Benedict Spinoza (1632-1677)

 

                Spinoza was a descendant of Spanish Jews who fled to the Netherlands to escape the Inquisition. He studied traditional Jewish religious and philosophical works, medieval scholasticism and the new science and philosophy of Descartes. He disputed rabbinical interpretation of the Scripture, was accused of heresy and subsequently excommunicated by Jewish religious authorities. He lived simply as a lens grinder and devoted his life to philosophy.

                Spinoza conceived of nature as mathematical. He took the same approach to ethics. Like Descartes, he contended that reality was intelligible only through reason. Applying the logic of Euclidian geometry to philosophy, he began with what seemed to be universally valid premises and deduced other truths using logic.
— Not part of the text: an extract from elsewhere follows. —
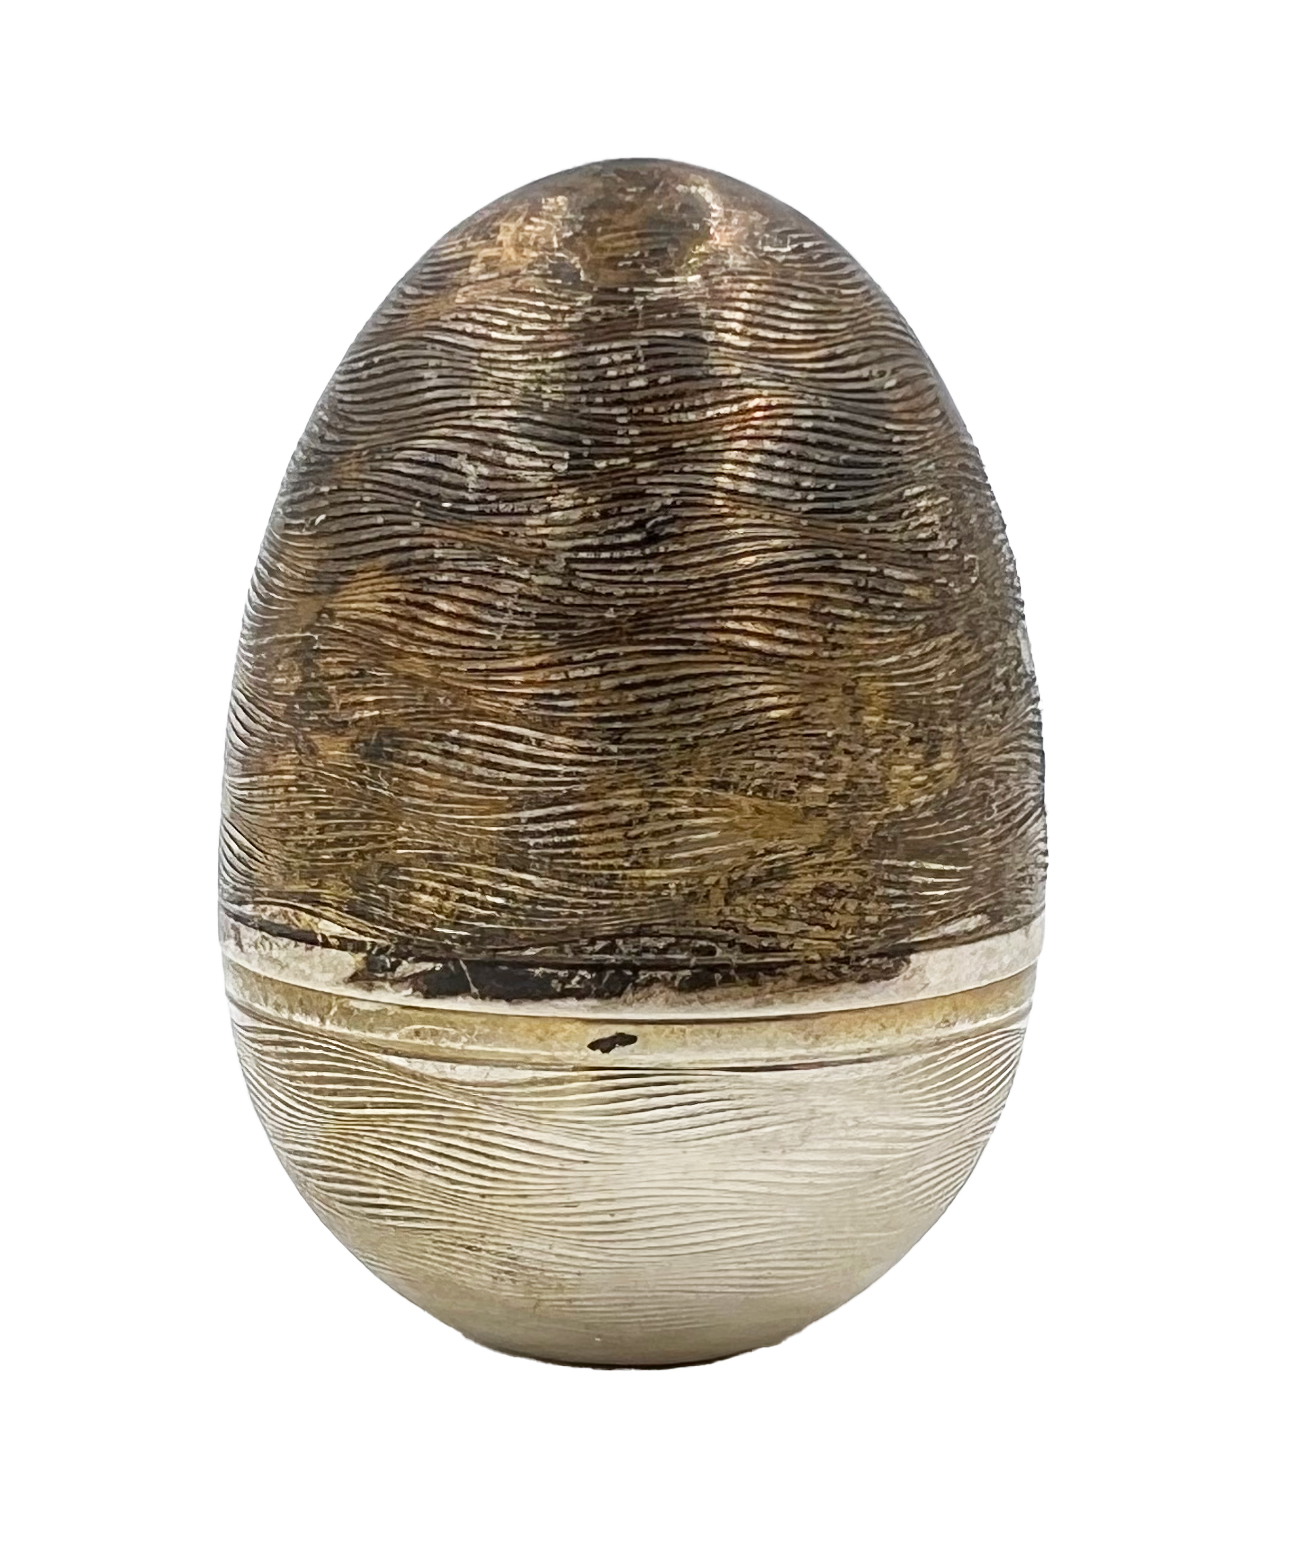 A NICHOLAS PLUMMER SILVER SURPRISE EGG THAT OPENS TO REVEAL DAISIES, LONOND, NICHOLOS PLUMMER, 2004 - Image 2 of 5

                Spinoza held that the highest form of knowledge was the knowledge of God, but his conception of God marked a radical break with traditional thinking. To Spinoza,  God was not a transcendent creature, some superhuman father possessed of intellect and will. Inspired by the new science, Spinoza identified God with the order of nature: a single, all inclusive system of unchanging, universal laws in which all things have a determinate place. Since this unified system is open to reason, divine revelation is unnecessary. Spinoza called for a critical reading of the Bible as an ancient, human text which should be analyzed using linguistic and historical techniques. He rejected miracles and the efficacy of prayer as superstitions and dedicated himself to scientific objectivity. He pleaded for freedom of thought, religious toleration and a constitutional government. Spinoza’s thinking was a hallmark of the emerging modern mind.